Fordlândia, hoje um distrito de Aveiro, no oeste do Pará, reúne ruínas industriais, casas em estilo norte-americano e estruturas de uma cidade planejada às margens do rio Tapajós.

Concebida para apoiar a produção de borracha natural voltada à cadeia automotiva, a iniciativa também buscou reproduzir rotinas e padrões urbanos associados aos Estados Unidos, segundo registros históricos sobre o projeto.

Descrita com frequência como “cidade fantasma”, Fordlândia não está desabitada.

O distrito permaneceu com moradores após o encerramento das operações, mas a população atual varia conforme a fonte e o recorte considerado.

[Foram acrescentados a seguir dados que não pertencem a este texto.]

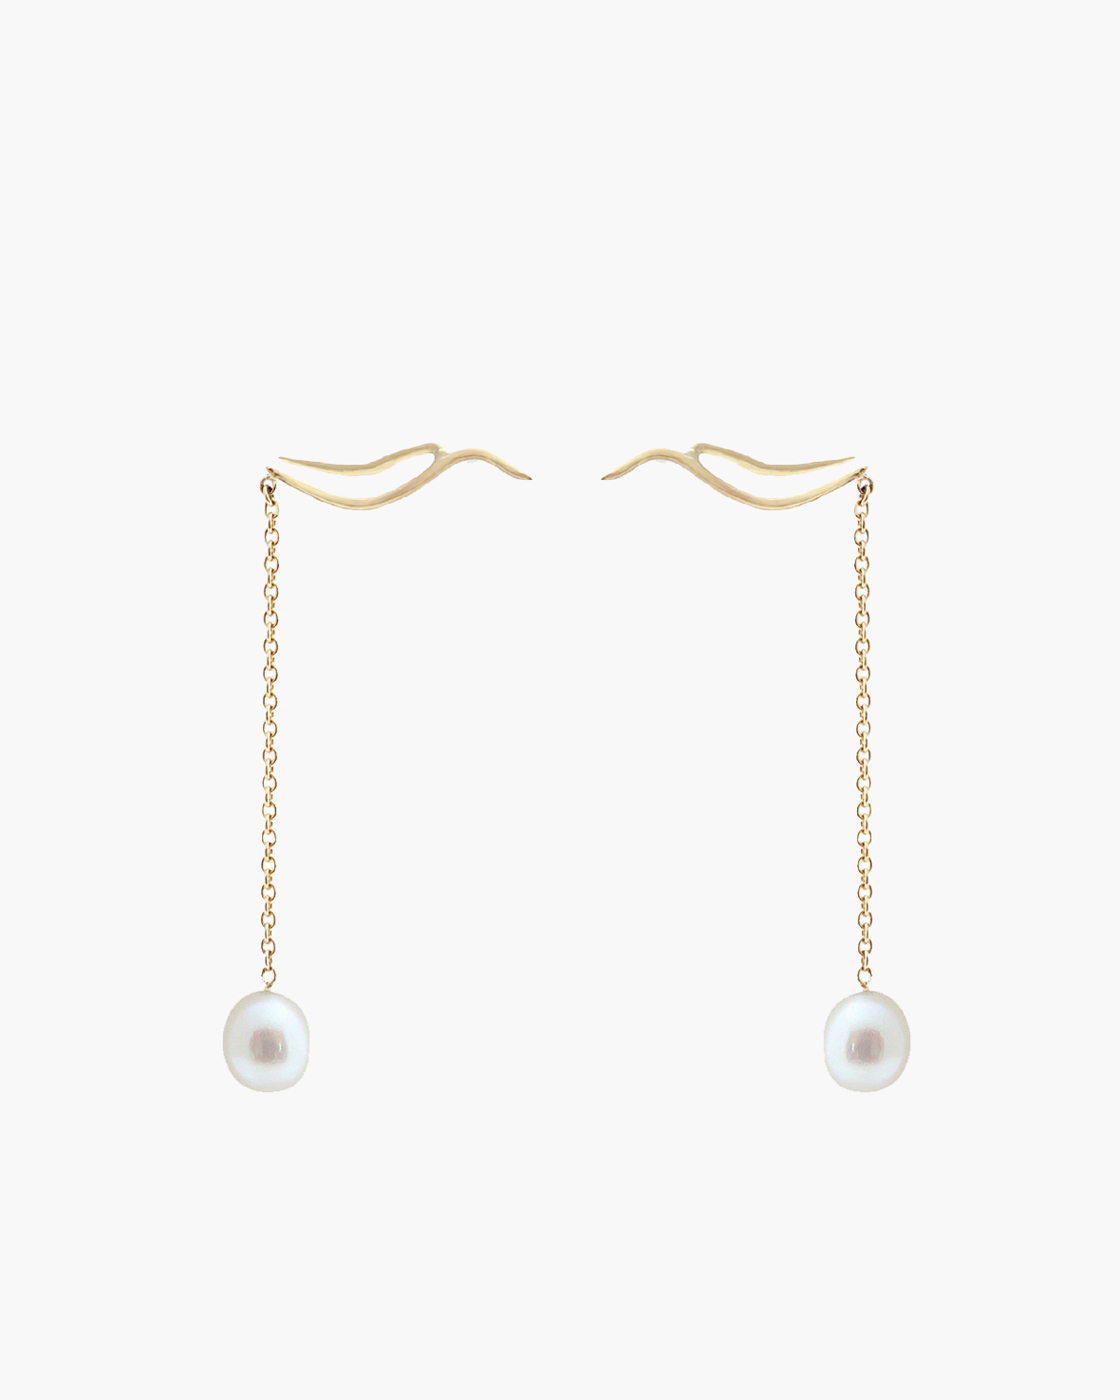 Tina Pearl Gold Earrings

Parte da cobertura jornalística usa o Censo de 2010 como referência para a vila, com cerca de 1,2 mil residentes, enquanto estimativas citadas por moradores e guias locais apontam números mais altos, sem consenso público consolidado.

Projeto de Henry Ford e a busca por controlar a borracha

A origem de Fordlândia está ligada à dependência, no início do século 20, da borracha produzida no Sudeste Asiático, insumo importante para pneus e outras peças.

Para reduzir essa dependência, a companhia de Henry Ford obteve uma grande área no Pará, por meio de concessão do governo estadual, e estruturou uma cidade-operária na região do Tapajós.

O projeto não se limitou ao cultivo de seringueiras.

A vila foi desenhada como um núcleo industrial e urbano, com abastecimento de água, saneamento e equipamentos coletivos que eram incomuns na Amazônia naquele período.

Além disso, a administração adotou regras de disciplina e organização do cotidiano inspiradas em práticas corporativas norte-americanas, segundo relatos históricos sobre o funcionamento do empreendimento.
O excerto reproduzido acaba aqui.